Cancer Scenario in Kashmir—A Study Conducted in a Tertiary Care Center, Srinagar, Kashmir, India

Department of Radiation Oncology, Government Medical College Srinagar, Jammu and Kashmir, India
Department of Medicine, Government Medical College Anantnag, Jammu and Kashmir, India
Jammu and Kashmir Health Education, India
Department of Radiation Oncology, Sher E Kashmir Institute of Medical Sciences Srinagar, Jammu and Kashmir, India

Address for correspondence Qurat Ul Ain, Health Department, Jammu and Kashmir, India. wahidwaheeddar@gmail.com

Licence
Disclaimer:
This article was originally published by Thieme Medical and Scientific Publishers Pvt. Ltd. and was migrated to Scientific Scholar after the change of Publisher.

Abstract

Background Cancer can have profound social and economic consequences for the people in India, often leading to family impoverishment and societal inequity. Reported age-adjusted incidence rates for cancer are still quite low in the demographically young country. Slightly more than 1 million new cases of cancer are diagnosed every year in a population of 1.2 billion. It accounts for about 23 and 7% deaths in United States and India, respectively. The world's population is expected to be 7.5 billion by 2020 and approximations predict that about 15.0 million new cancer cases will be diagnosed, with deaths of about 12.0 million cancer patients. Early detection of cancers is a challenging task because clinical symptoms develop slowly.

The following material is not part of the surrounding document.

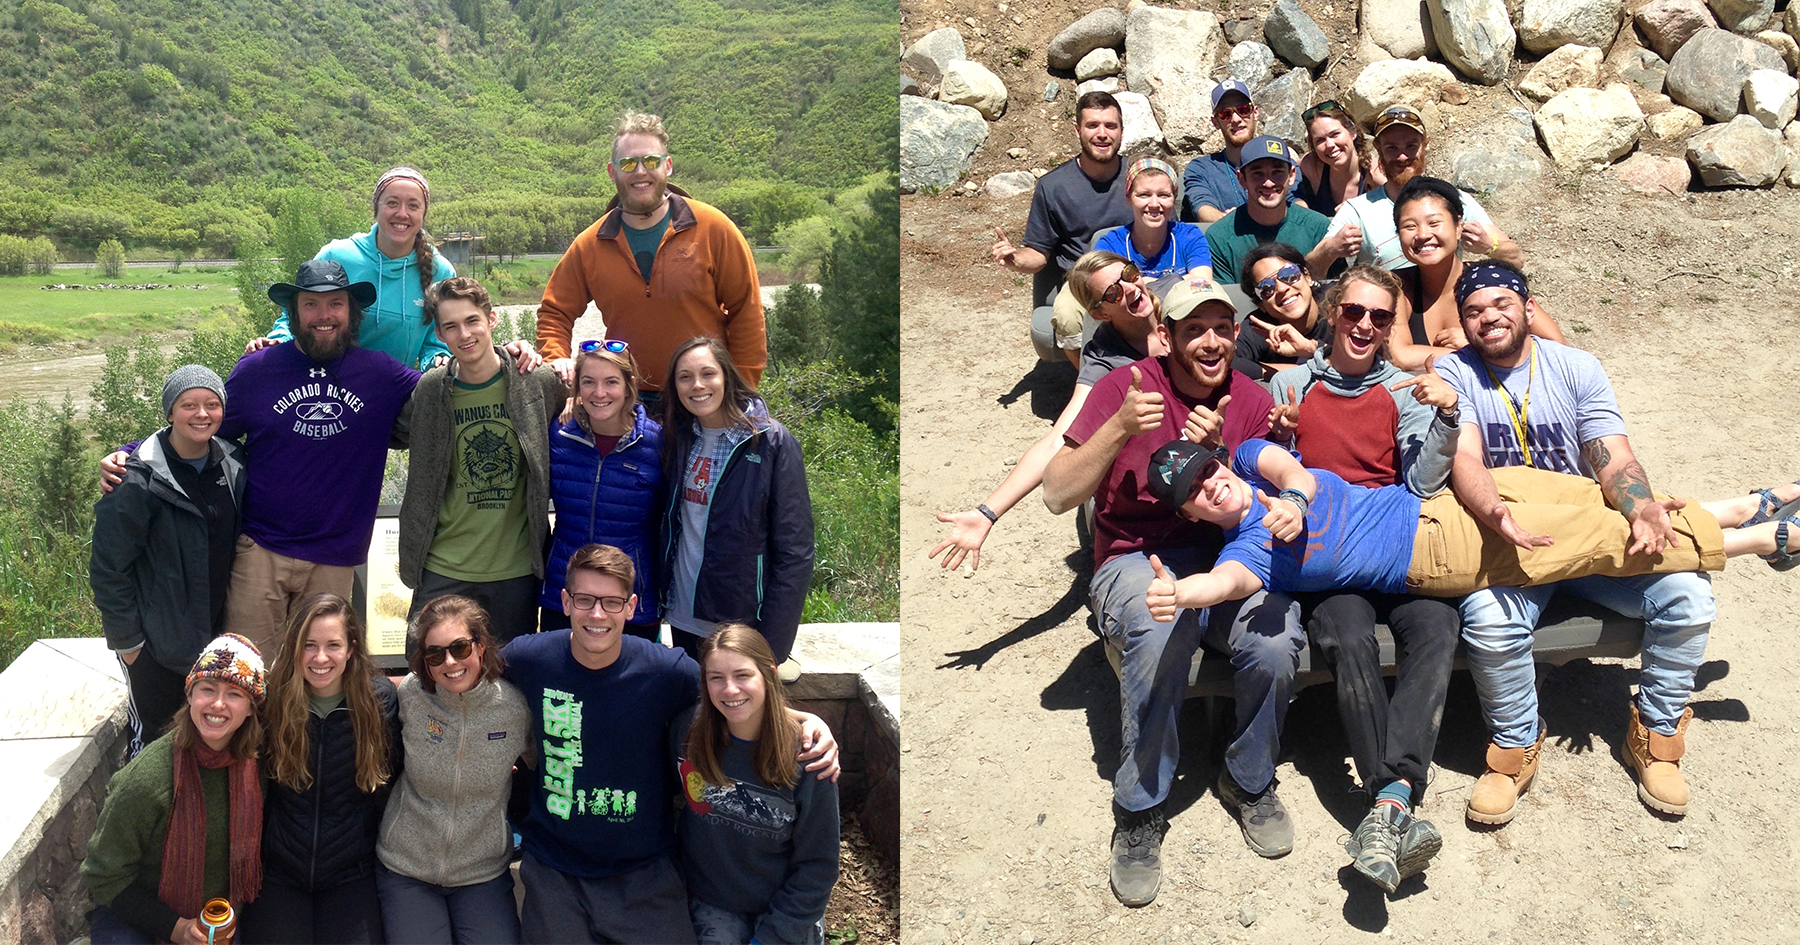 Sarah with her intern class in summer 2019 (L) and Rob with his intern class in summer 2018 (R).

Objective The aim of the present study was to analyze the cancer scenario in the Kashmir valley.

Materials and Methods This was a retrospective study. So, all patients were included who had histopathologically confirmed neoplasm registered at Regional Cancer Centre of Government Medical College Srinagar, Kashmir between 2015 and 2018. All the patient characteristics including age, sex, and anatomical site of the disease were studied in detail.

Results The number of cancer patients in 2015, 2016, 2017, and 2018 were 230, 239, 391, and 511, respectively, with a combined total of 1,371. Thus, it is clear from these figures that the number of cancer cases has increased gradually with time. Stomach cancer is the most common cancer in the Kashmir territory. In males the most common cancer is stomach cancer with 175 (12.8%) reported cases and in females the most common cancer is breast cancer with 151 (11%) reported cases. The male to female ratio was 1.4:1.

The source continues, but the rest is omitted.